The shocking first-hand account of one man’s remarkable fight for freedom; now an award-winning motion picture.
‘Why had I not died in my young years – before God had given me children to love and live for? What unhappiness and suffering and sorrow it would have prevented. I sighed for liberty; but the bondsman's chain was round me, and could not be shaken off.’
1841: Solomon Northup is a successful violinist when he is kidnapped and sold into slavery. Taken from his family in New York State – with no hope of ever seeing them again – and forced to work on the cotton plantations in the Deep South, he spends the next twelve years in captivity until his eventual escape in 1853.
First published in 1853, this extraordinary true story proved to be a powerful voice in the debate over slavery in the years leading up to the Civil War.

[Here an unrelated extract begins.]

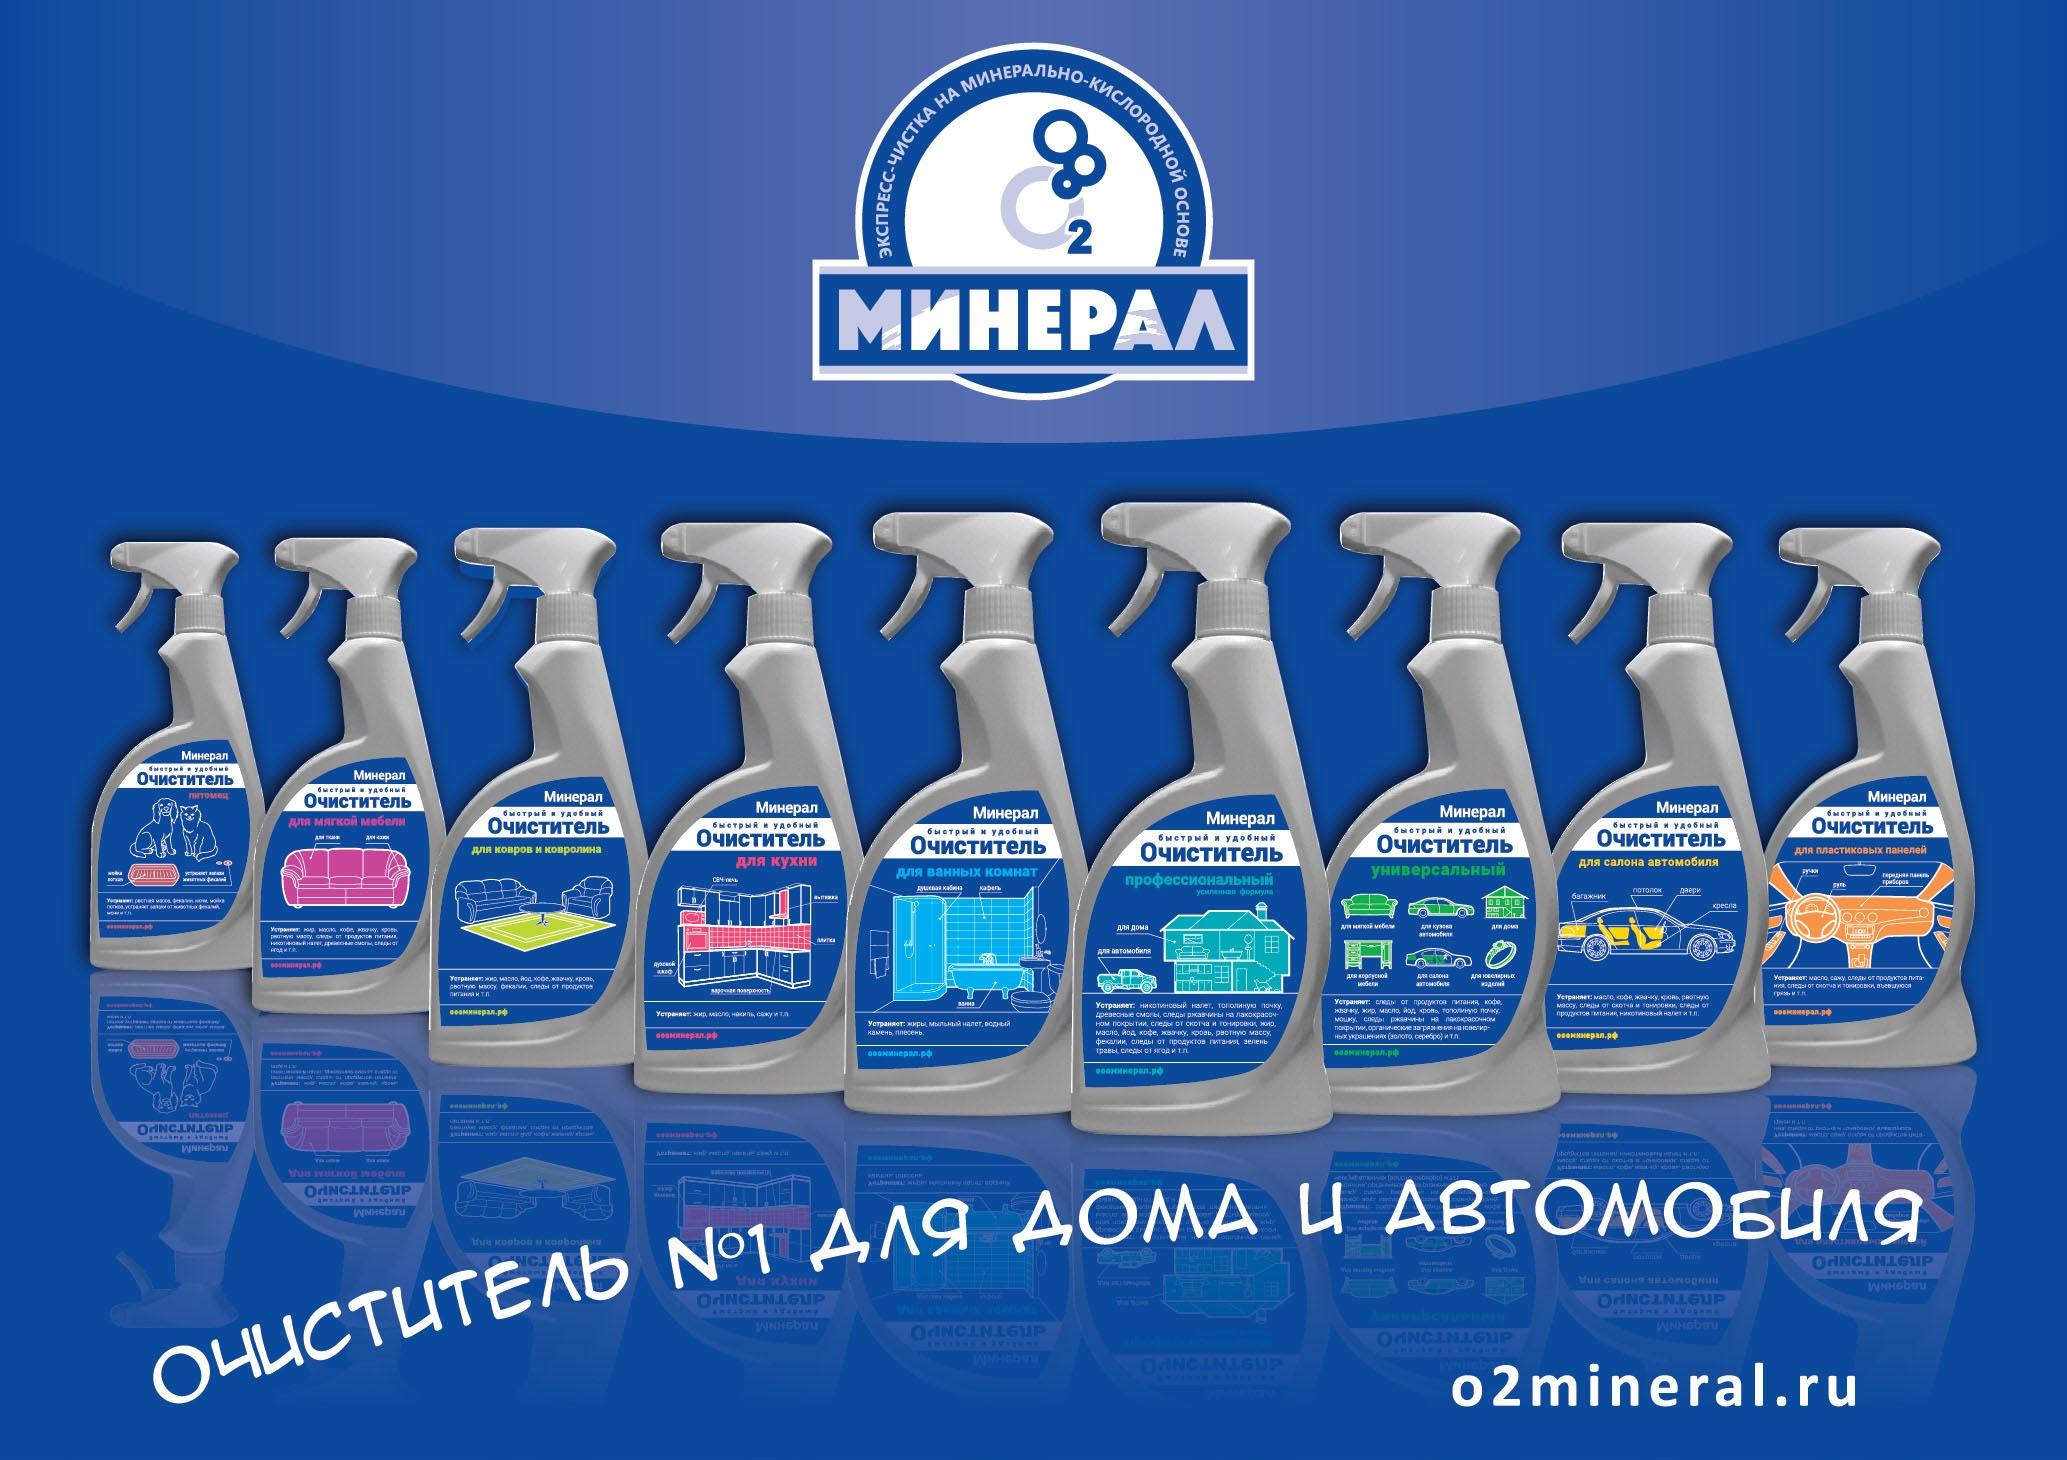 Сбор заказов. Уникальные очистители Минерал. Ваш дом и автомобиль будут в идеальной чистоте. Выкуп-1.

It is a true-life testament of one man’s courage and conviction in the face of unfathomable injustice and brutality: its influence on the course of American history cannot be overstated.
Reviews
‘The most remarkable book ever issued from the American press.’ Detroit Tribune
‘For sheer drama, few accounts of slavery match Solomon Northup's tale of abduction from freedom and forcible enslavement.’ Ira Berlin
About the author
Solomon Northup was born a free man in Saratoga Springs, New York, in 1808. He lived as such until 1841 when, attracted by a job offer, he travelled to Washington, DC, where he was drugged and sold into slavery by his supposed employers. Northup was enslaved for twelve years before he regained his freedom and returned to New York. There, he became an advocate for abolitionism and in the 1860s began helping fugitive slaves via the Underground Railroad. Northup is believed to have died between 1863 and 1875, but both the date and circumstances of his death are unknown.